» WORK TO COMPLETE:
No pictures belong in the copy. Restate the rest of the data exactly.

[Source data]
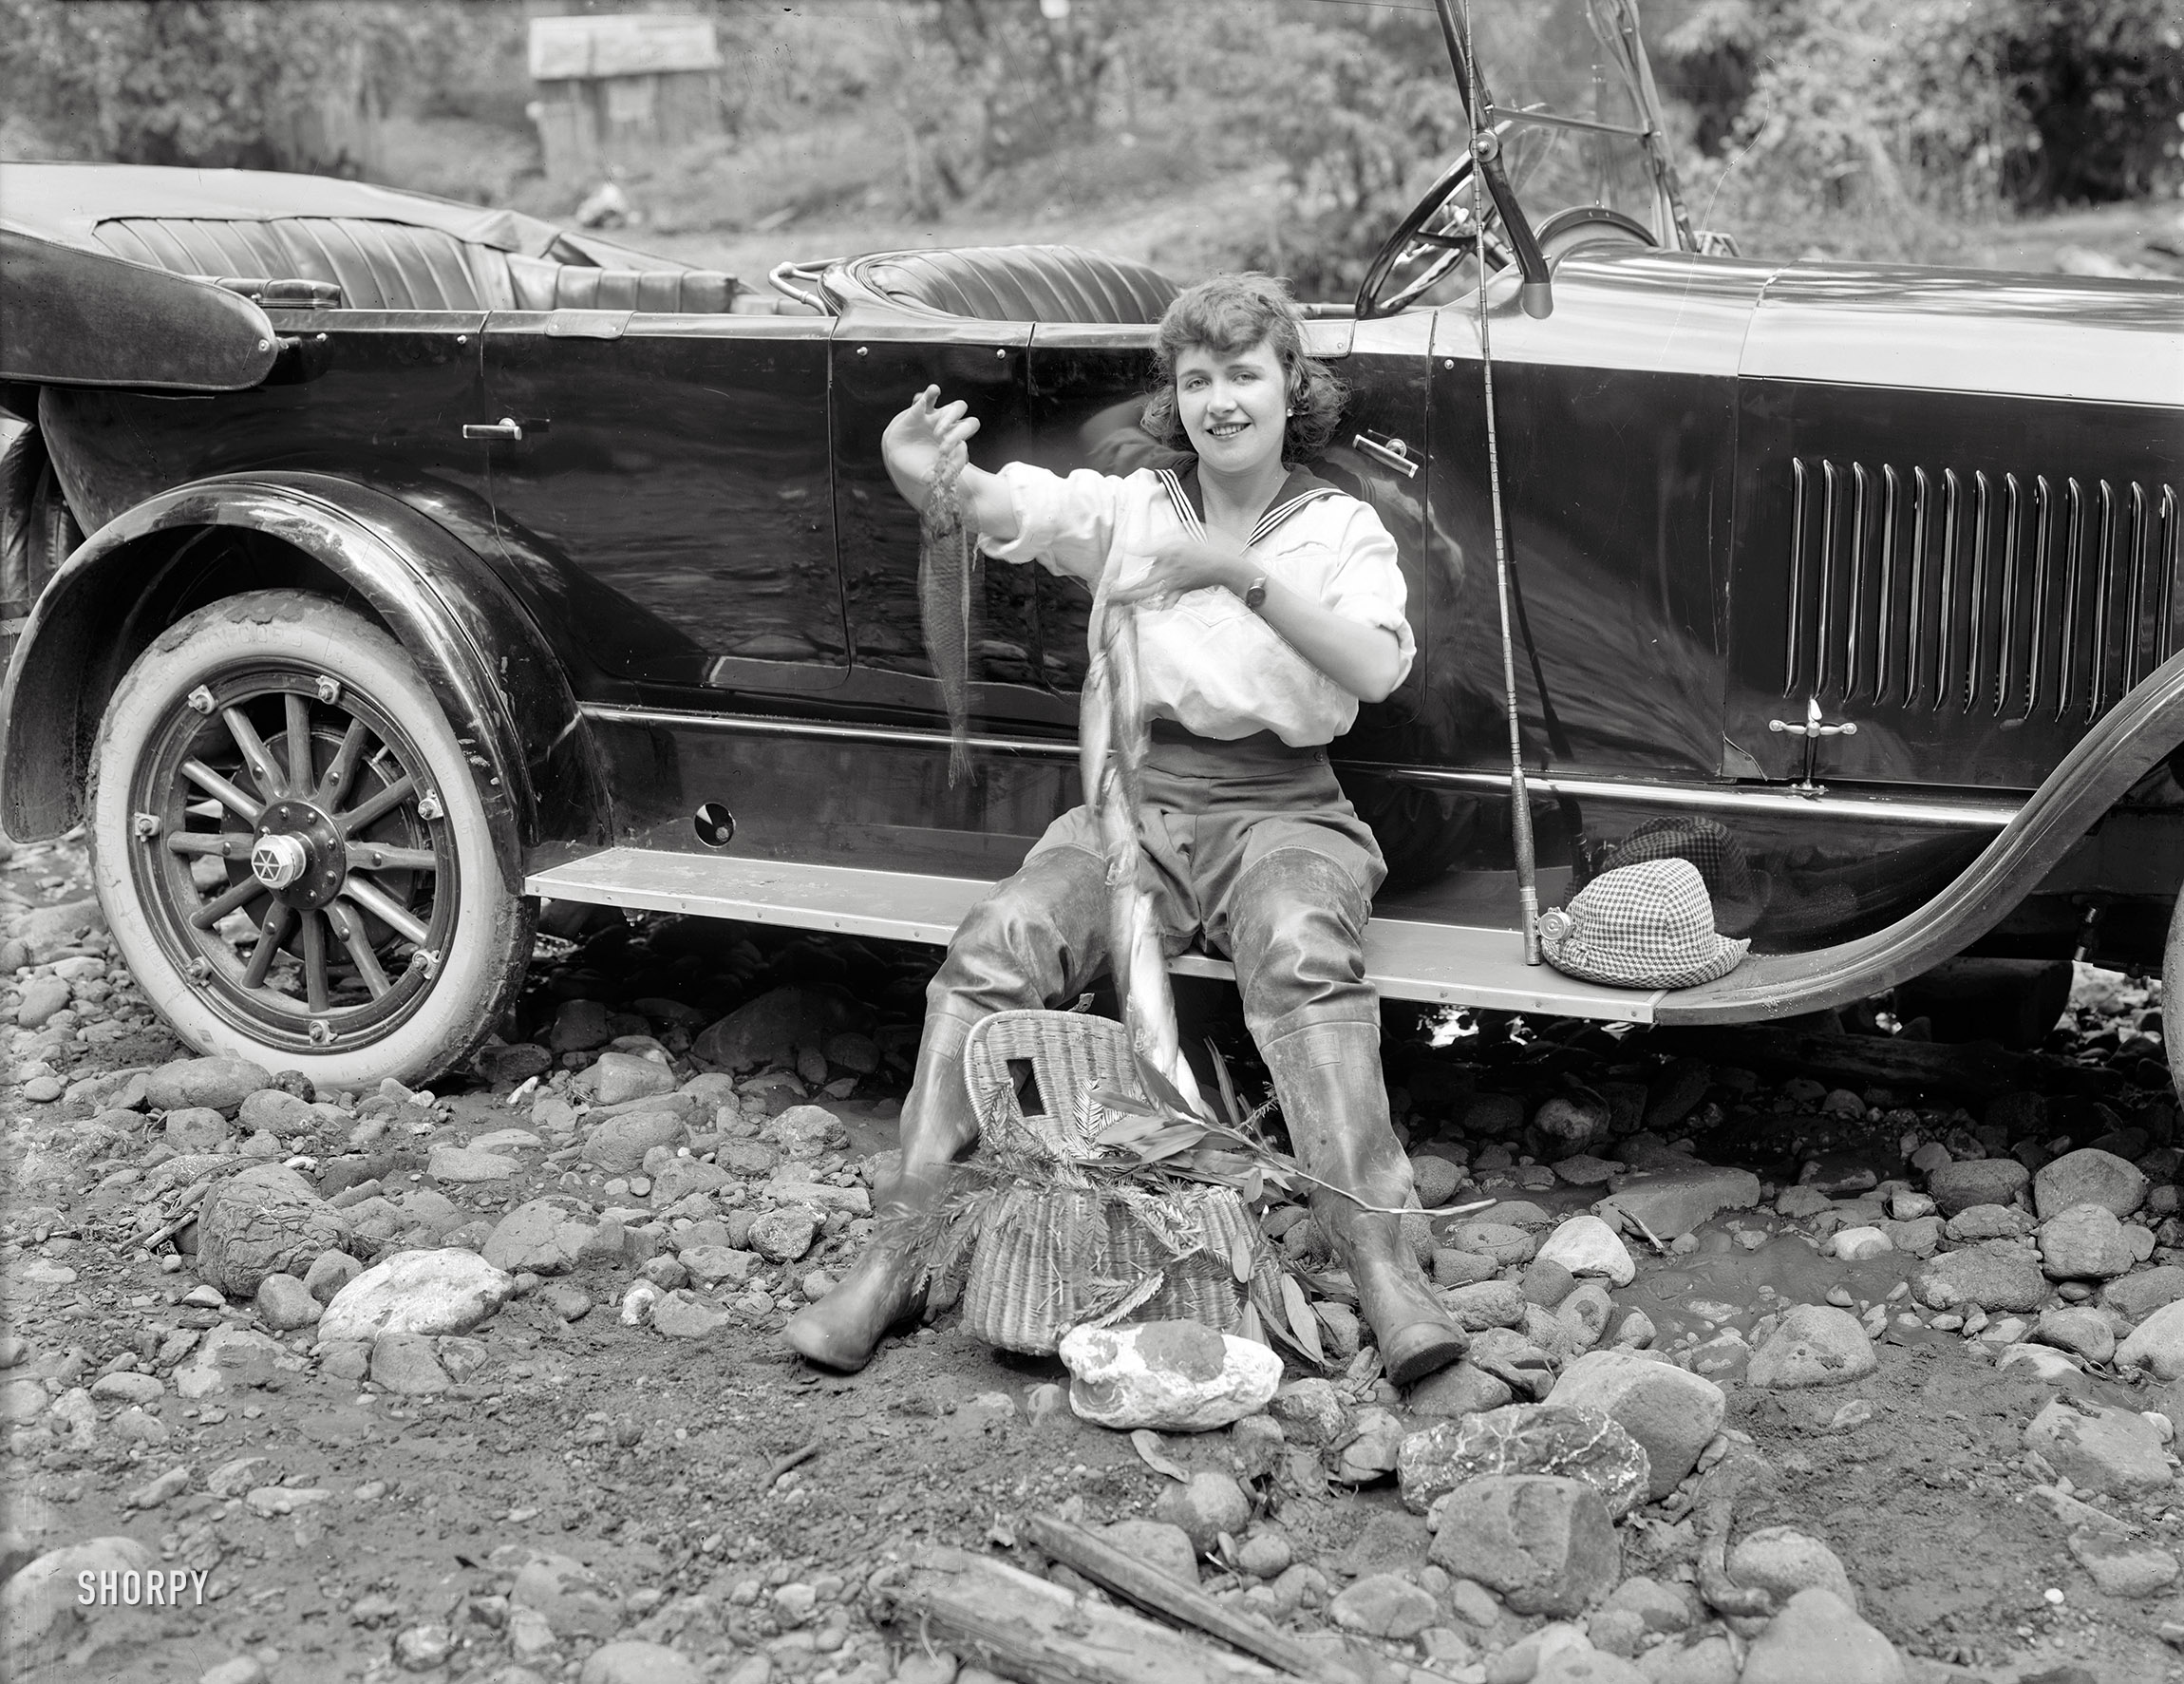 Circa 1919. "Angler next to Studebaker 'Big Six' touring car." One of the girls last seen here. 6.5 x 8.5 glass negative, scanned by Shorpy, originally from the Wyland Stanley Collection of San Francisco memorabilia. View full size.
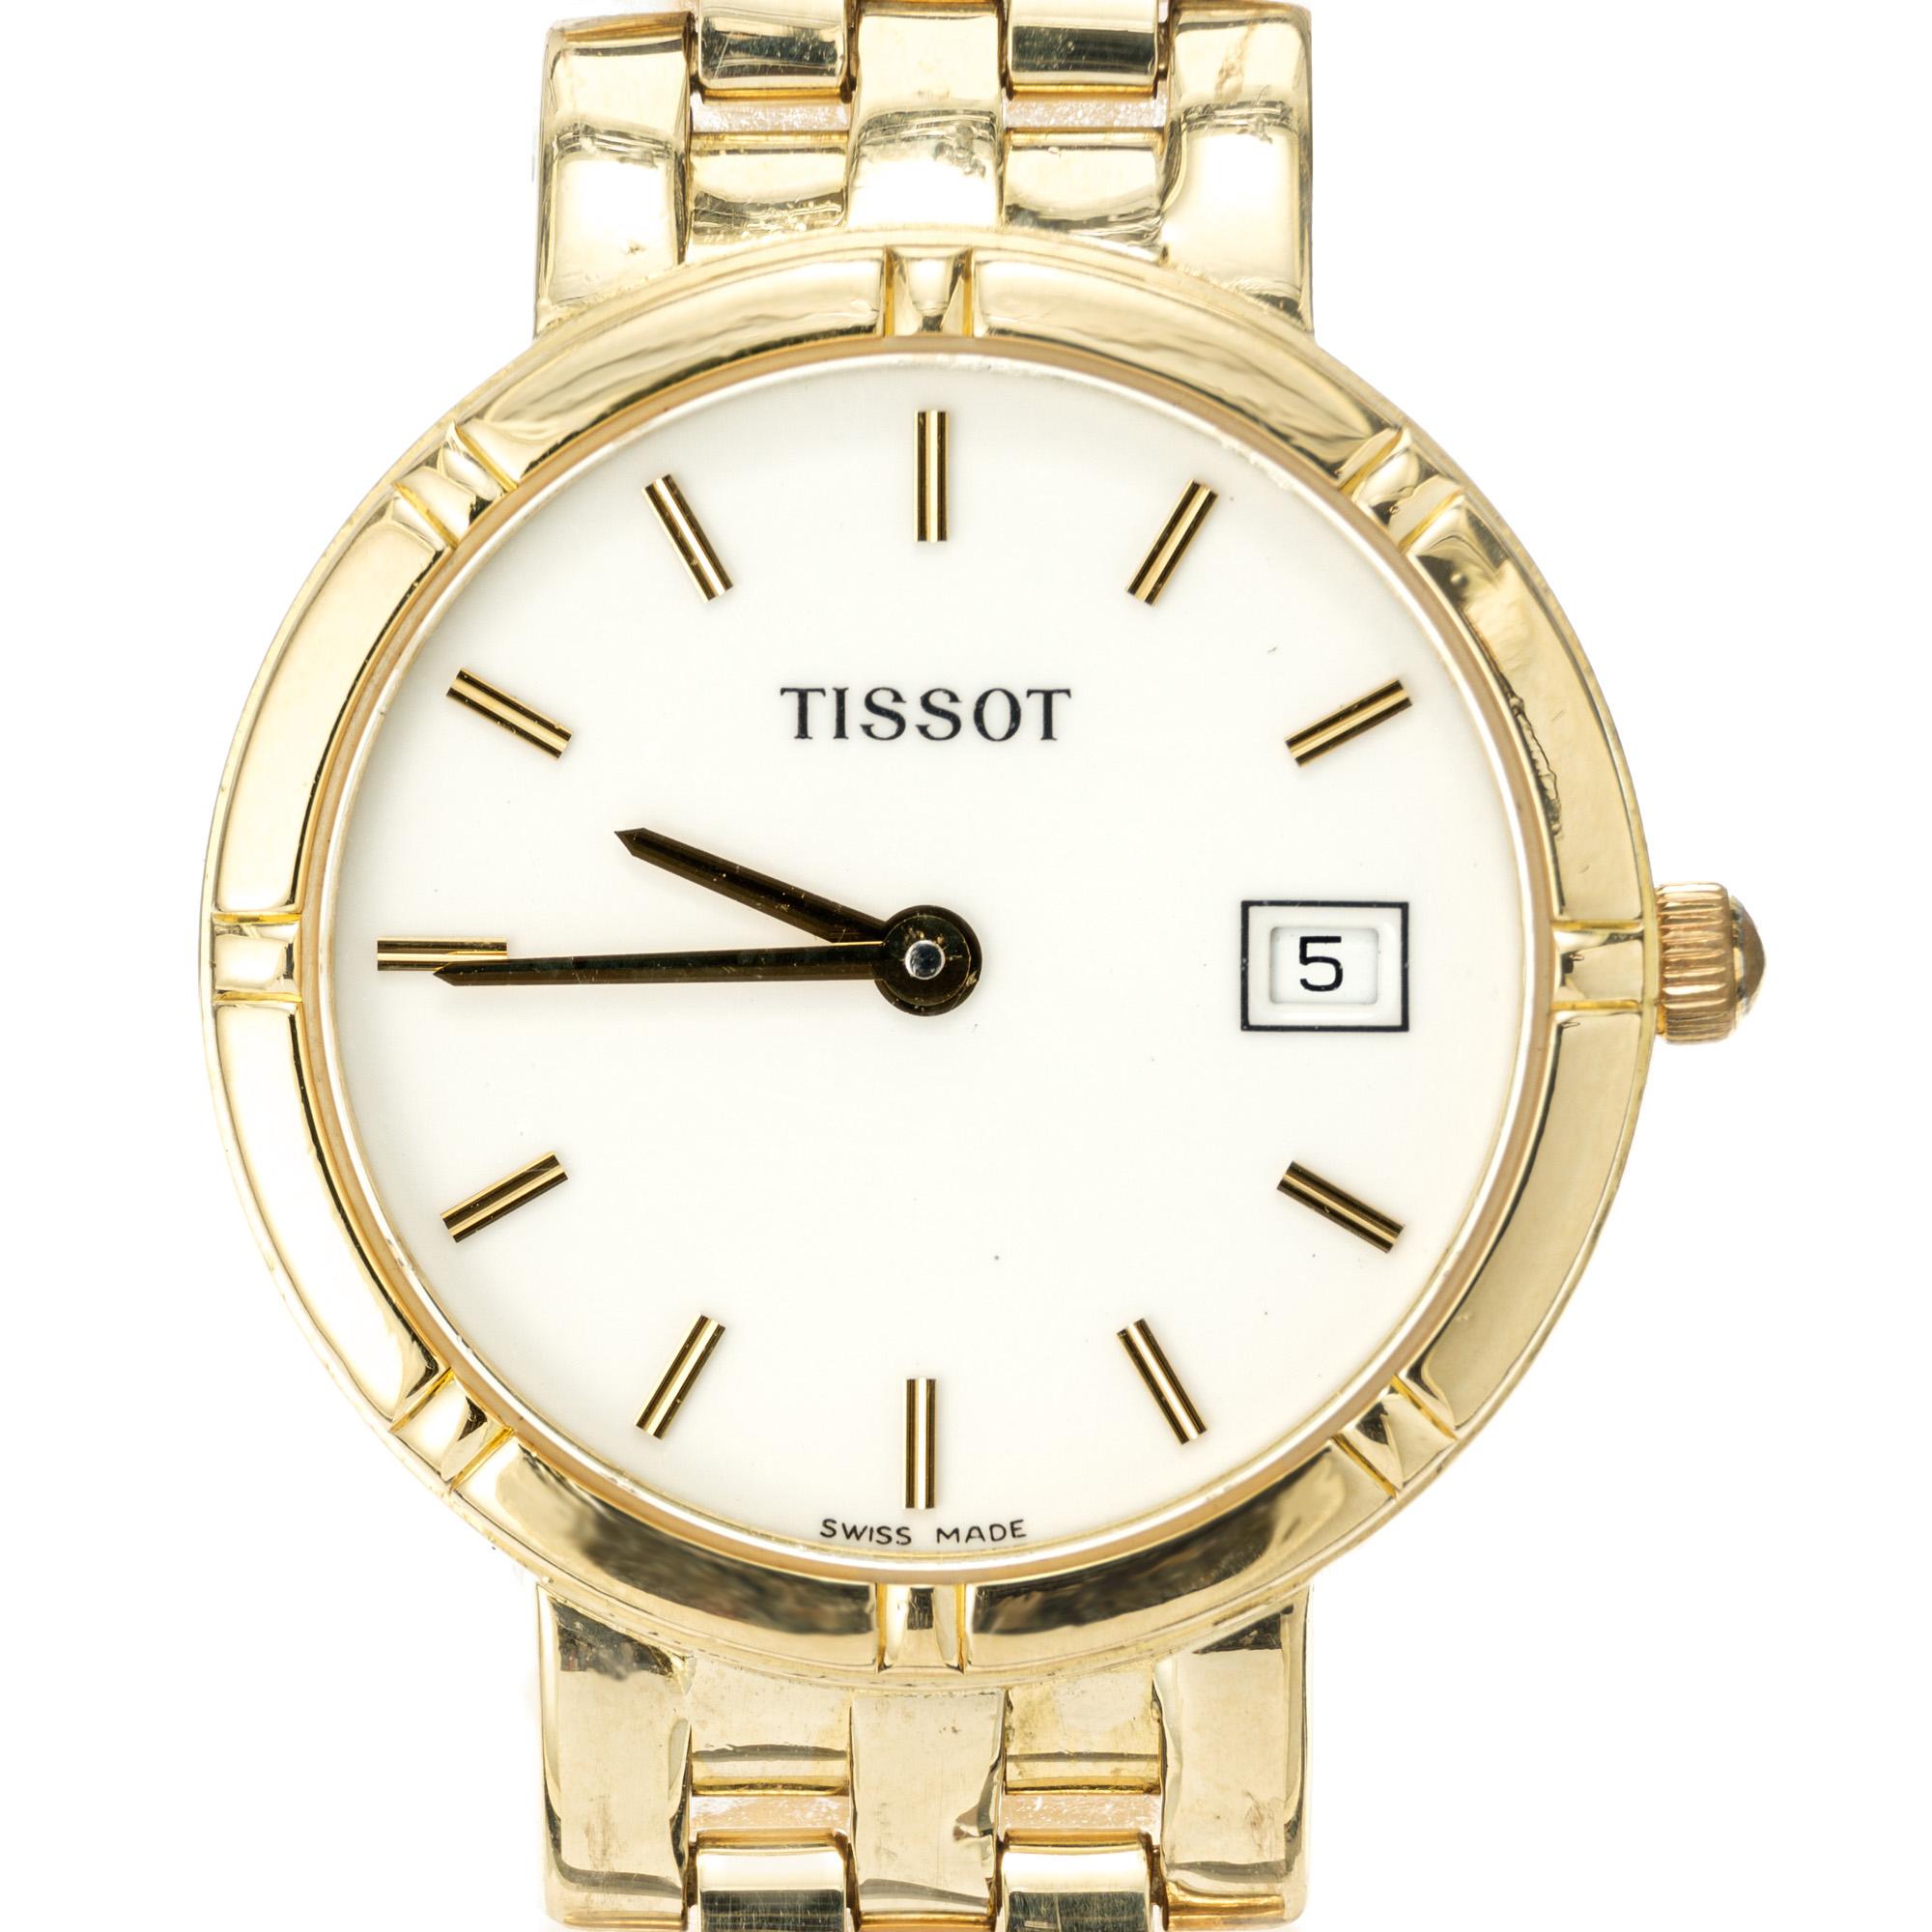 Tissot Ladies Five row panther link wristwatch. 18k gold quartz wristwatch with day date. Circa 2000's. Full length may be shortened. Length just under 7.25 Inches. 

Length: 35.05mm
Width: 26mm
Band width at case: 14mm
Case thickness: 5.05mm
Band:

» REPLY:
 Circa 1919. "Angler next to Studebaker 'Big Six' touring car." One of the girls last seen here. 6.5 x 8.5 glass negative, scanned by Shorpy, originally from the Wyland Stanley Collection of San Francisco memorabilia. View full size.
 Tissot Ladies Five row panther link wristwatch. 18k gold quartz wristwatch with day date. Circa 2000's. Full length may be shortened. Length just under 7.25 Inches. 

Length: 35.05mm
Width: 26mm
Band width at case: 14mm
Case thickness: 5.05mm
Band:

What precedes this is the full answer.